The problem with WinModems is that modem algorithms better than about v.32 are covered by patents. And while a lot of stuff in that situation has still found its way into software projects in the Free World, we still don't have a decent modem implementation. Someone needs to do a Free World fork of spandsp, perhaps? And/or pick up the late Tony Fisher's work on v.32bis and v.34.

For flash, the situation is different. While there are plenty of patents flying around, they mostly cover the ways in which you make a flash device pretend to be a block device — and the beauty of exposing flash directly to the operating system is that you don't need that gratuitous extra layer any more. You can have a file system which knows about flash, and is designed to operate directly, and optimally, on it.

The recent TRIM work goes some way to fixing the most obvious disadvantage of the extra layer, but the fact remains that you still have your real file system running on top of another pseudo-filesystem which is pretending to be a block device. And you can never attempt to debug or improve that lower layer.

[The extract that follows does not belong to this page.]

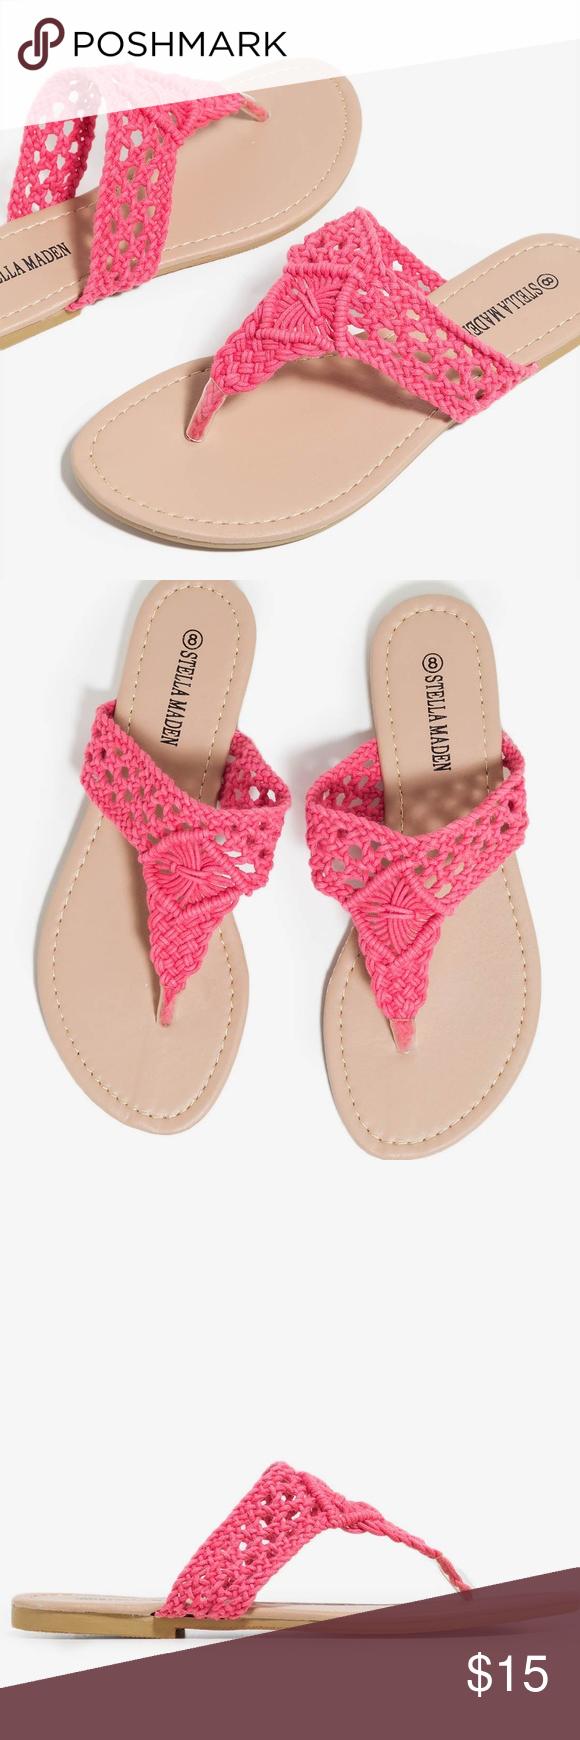 3a31973f0a2 NEW Coral Crochet Vamp Design Thong Strap Sandals NEW Stella Maden Women s  Coral Crochet Vamp Design

The Linux kernel has two file systems for real flash already, and more are in the works. I'd very much like to see direct access to the flash being permitted by these devices. I'm confident that we can do better than anything they can do inside their little black box.

Winmodem-like solid state storage

Posted Apr 11, 2009 20:25 UTC (Sat) by giraffedata (guest, #1954) [Link]

Thanks for elucidating the patent angle.

But that really just raises another issue. With flash storage having its novel foibles, I find it hard to believe there aren't patents covering the various things you have to do to make it useful. Method for storing data on flash without wearing out hot spots? Method for extracting small blocks of data from flash quickly?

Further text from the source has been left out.